How Uber Killed Taxi TV
New York City taxis are finally getting rid of those insufferable televisions—and we have Uber to thank.
They’re too loud, they play Taylor Swift’s “Welcome to New York” on loop, and their mute buttons are maddeningly unresponsive. And now, finally, New York City’s Taxi TVs might be going dark.
Just seven years after installing television monitors in the back of all city taxi cabs, New York City’s Taxi and Limousine Commission is proposing a way to silence the widely hated machines. In a pilot program voted into action earlier this month, the commission is investigating a way to replace the monitors with newer, less obnoxious technology.
Frequent commuters are thrilled with the news.

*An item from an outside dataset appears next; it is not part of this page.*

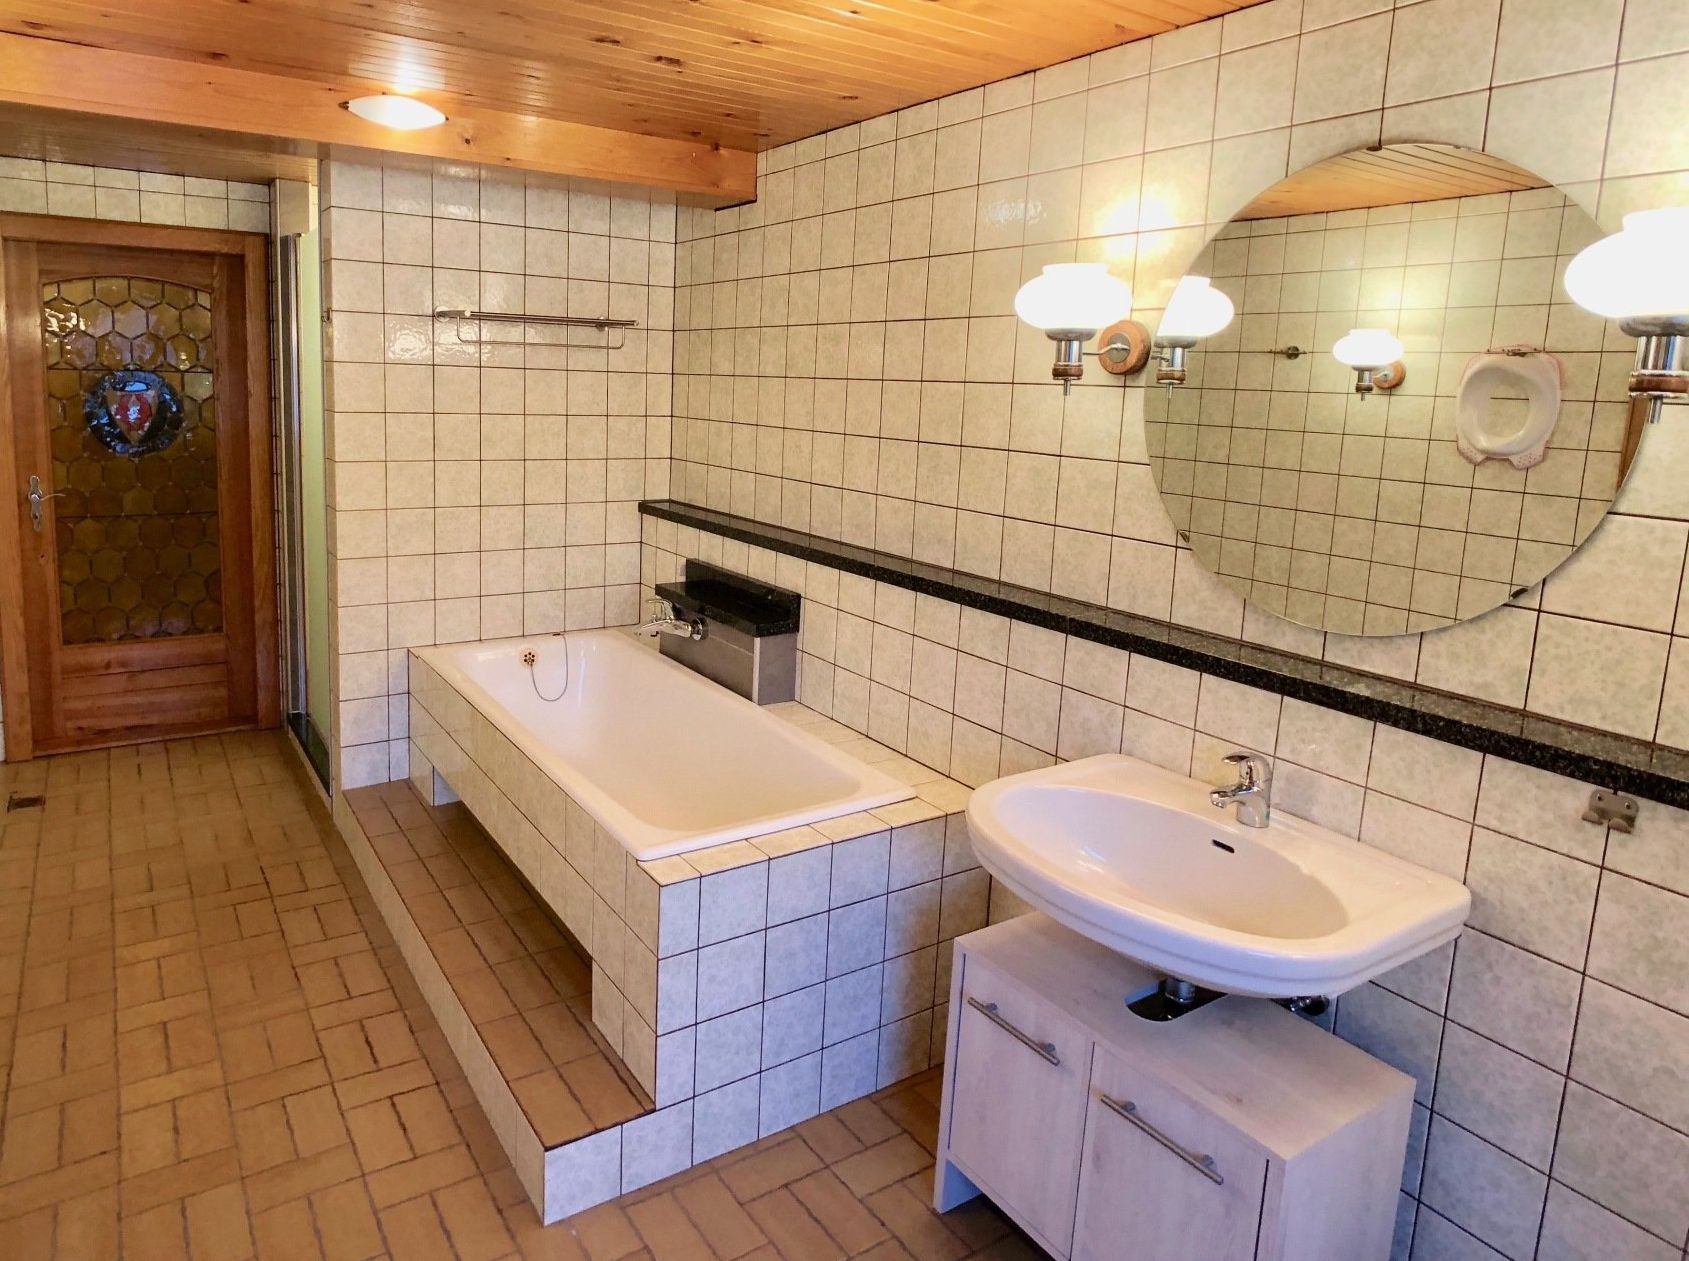 Im Badezimmer kann man ein entspannendes Vollbad nehmen...<br>(Bild: M. Winkelmann)

But the program also hints at the taxi industry’s pressure to conform to competition from ride-hail apps like Uber.
“The TLC regularly receives complaints from passengers and drivers about the Taxi TV, the responsiveness of its screen, the noise it generates, and the repetitive media content it plays,” the Taxi and Limousine Commission’s proposal reads. “Both drivers and passengers routinely report to the TLC that they find the default settings and volume on the Taxi TV distracting and that the ‘mute’ and ‘off’ buttons on the Taxi TV often do not work.”
“Off off off off off can’t stand it,” New York resident Helen Holmes told The Daily Beast of her Taxi TV preferences.
Taxi-goer Kate Fustich also keeps the monitor on mute. “I turn it off instantly as a power move to give me New Yorker cred,” she said.
Holmes and Fustich are hardly alone. According to a 2011 survey by the TLC, 31 percent of passengers rated “annoying” Taxi TVs as the worst part of the ride, a complaint beat only by “cabs are too expensive,” which garnered 36.8 percent of the vote.
The TLC’s proposal also references the growing competition from for-hire vehicle companies like Uber and Lyft, the former of which now has more cars on New York City streets than the TLC has yellow taxis.
“Passengers are increasingly choosing for-hire transportation options that do not have Taxi TVs in the back seat, such as black cars or liveries,” the TLC writes.
The pilot program affects fewer than a quarter of the TLC’s approximately 13,500 taxis, and allows drivers to test new payment ride-tracking methods on smartphones and tablets, a system similar to Uber’s app-based methods.
Another TLC proposal approved Thursday addresses weakness in the taxi industry’s battle with ride-hail apps. The TLC passed a new leasing agreement between cab drivers and owners, increasing flexibility in drivers’ hours. Previously, New York City taxicabs were leased on 12-hour shifts, a constraint Uber drivers do not share. This flexible scheduling is a powerful recruiting tool for Uber, which has grown steadily in ranks while boasting that its drivers make their own hours. The TLC, meanwhile, is experiencing a driver shortage.
The TLC’s most obvious move toward an Uber model, however, is its adaptation of a smartphone app. Arro, the TLC’s Uber-style app, allows riders to hail a yellow cab using a real-time map of available cars in the city. Unlike Uber, Arro doesn’t charge users a surge price during busy hours.
It’s not a perfect system. Arro is only available in cabs with media terminals from Creative Mobile Technologies. The app might be made available in all cabs if the TLC also partners with Verifone, the other major company that provides taxi technology.
But New York’s Taxi TVs are manufactured exclusively by Creative Mobile Technologies and Verifone. And in its proposed pilot program to eliminate Taxi TVs, the TLC will begin removing these companies’ products from their cars.